I solved the next exercises having two solutions: https://www.hackerrank.com/challenges/reverse-a-doubly-linked-list
First (non-recursive):
/*
Insert Node at the end of a linked list
head pointer input could be NULL as well for empty list
Node is defined as
class Node {
int data;
Node next;
Node prev;
}
*/
Node Reverse(Node head) {
if (head == null) return null;
Node current = head;
while (current.next != null) {
Node temp = current.next;
current.next = current.prev;
current.prev = temp;
current = temp;
}
current.next = current.prev;
current.prev = null;
return current;
}
Second algorithm (recursive):
/*
Insert Node at the end of a linked list
head pointer input could be NULL as well for empty list
Node is defined as
class Node {
int data;
Node next;
Node prev;
}
*/
Node Reverse(Node head) {
if (head.next == null) {
head.next = head.prev;
head.prev = null;
return head;
}
Node newHead = Reverse(head.next);
Node temp = head.next;
head.next = head.prev;
head.prev = temp;
return newHead;
}
According to the book, the solution must be O(n). I guess using recursive solution is more elegant but maybe I'm wrong. Can you help to determine the space and time complexity of these two algoritms, or in your, which is better in performance?

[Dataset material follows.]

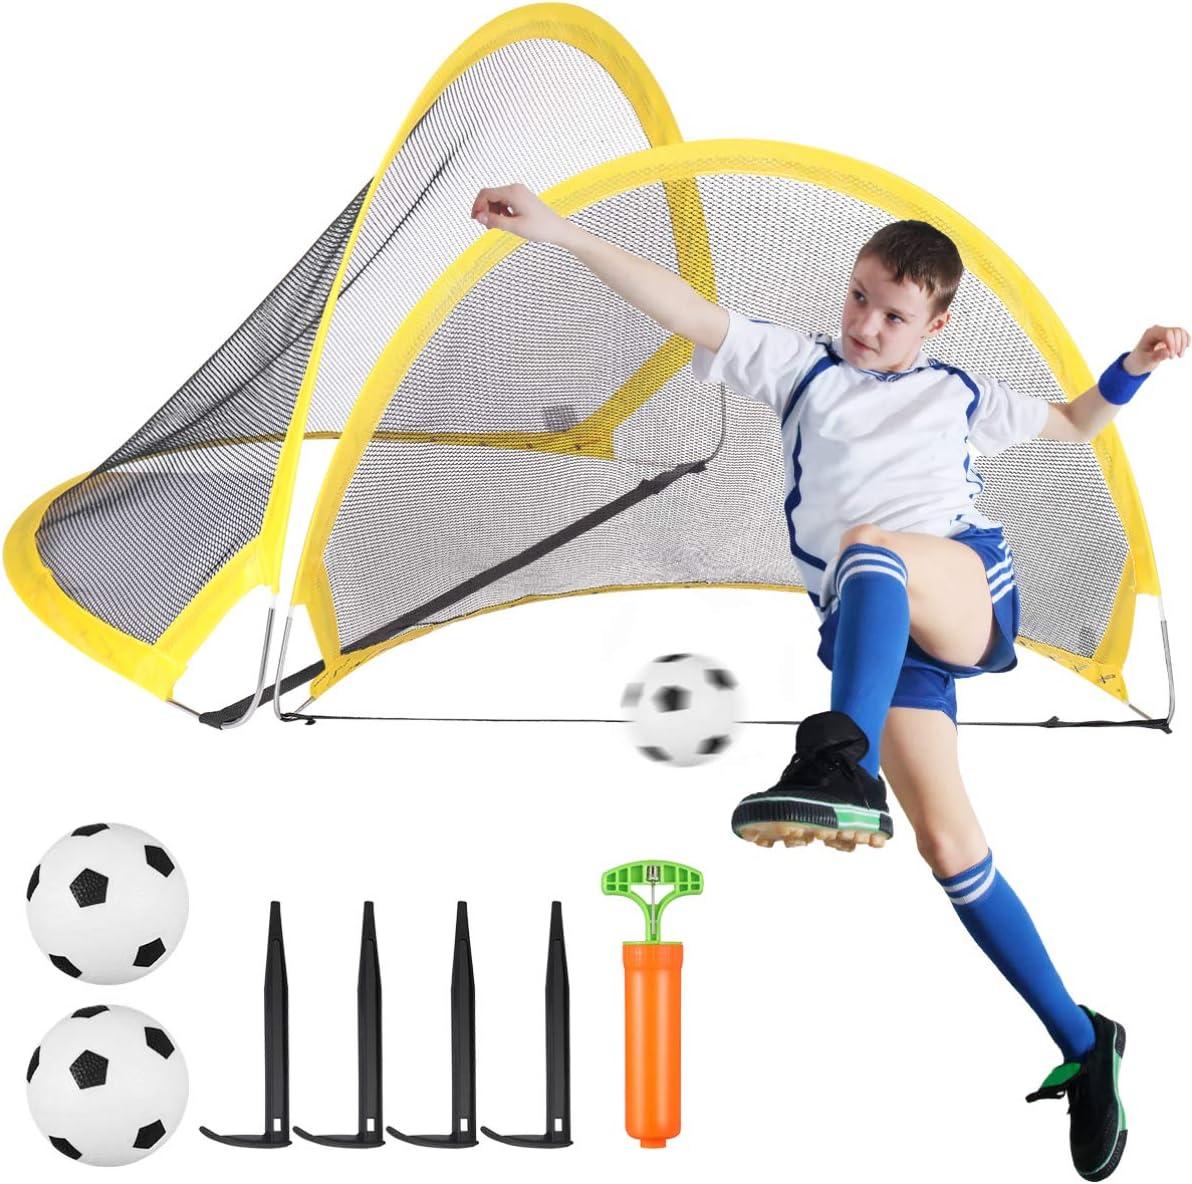 2 pcs Portable Pop-Up Soccer Goal Net For Football Training Indoor Outdoor Kids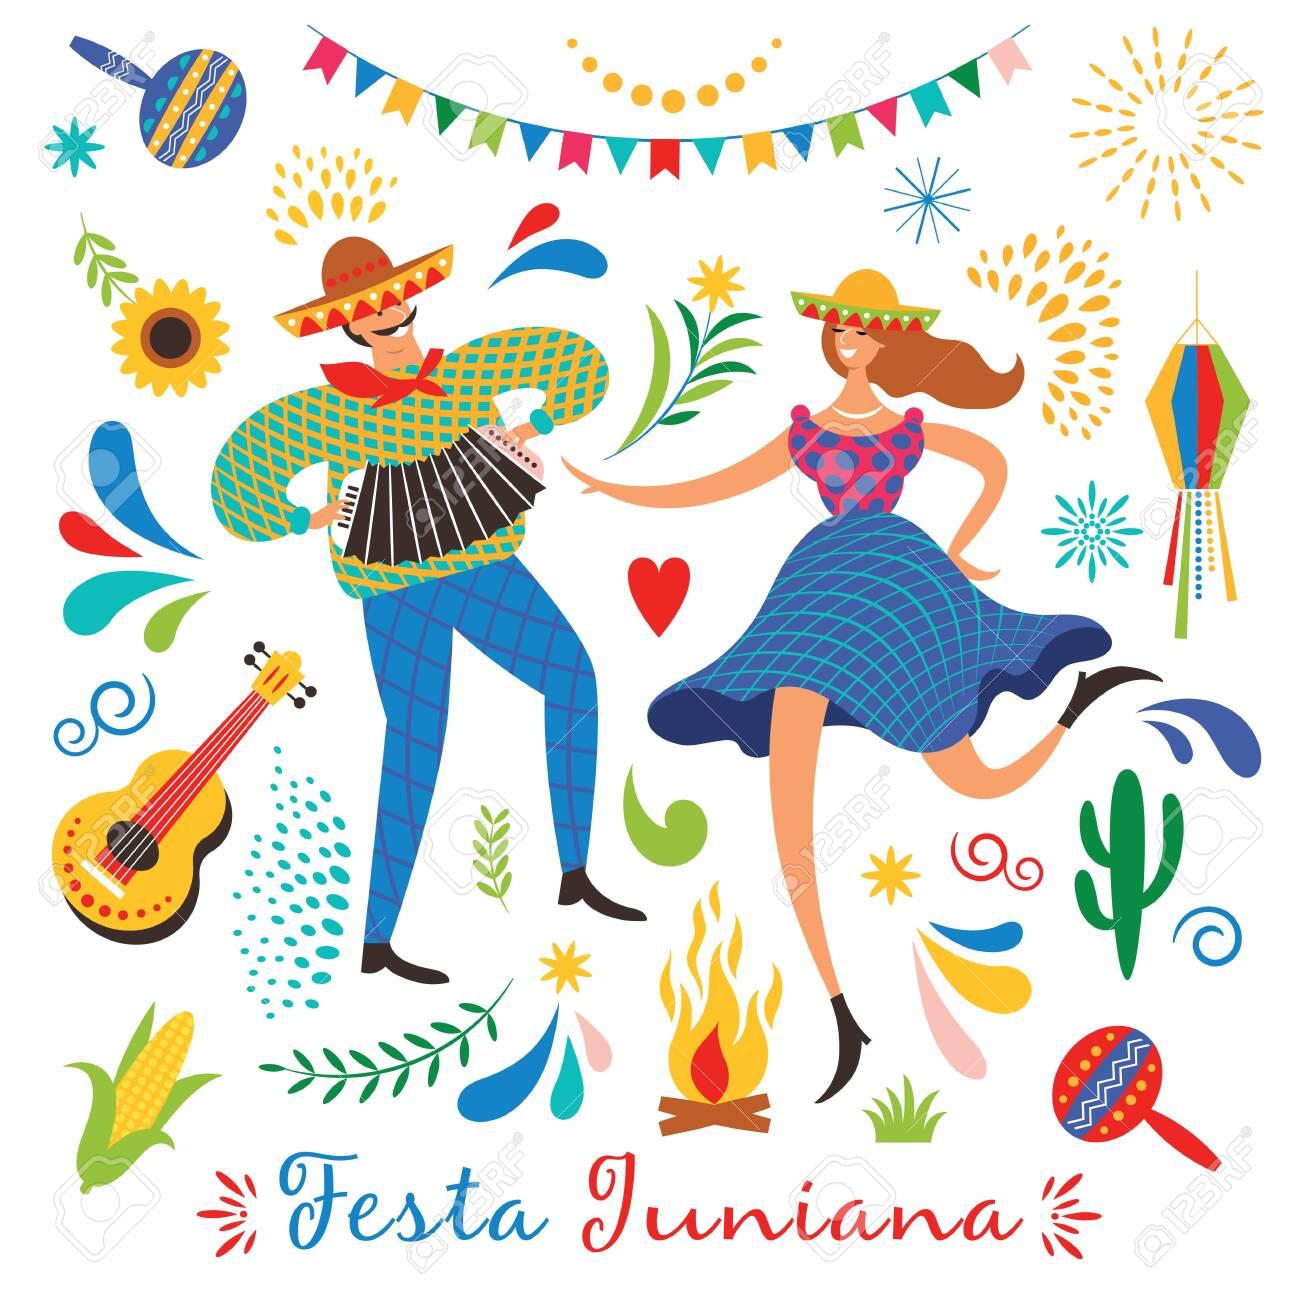 Festa Junina.The June party of Brazil. Festive Mood. Brazil carnival. Set of festive vector elements, guitar, corn, fire, lantern, dansing man and woman - 124560174

The question is a bit unclear, both solutions seem to be O(n) in both time and space. Although you could probably remove the special cases and make Torvalds happy. Something like:
Node Reverse(Node head) {
if (head == null) return null;
Node current = head;
while (current != null) {
Node temp = current.next;
current.next = current.prev;
current.prev = temp;
current = temp;
}
return current;
}
Node Reverse(Node head) {
Node temp = head.next;
head.next = head.prev;
head.prev = temp;
return temp==null?head:Reverse(temp);
}
I have not tested these, use them as inspiration only. (Also the recursive will nullpointer if head is null in the beginning).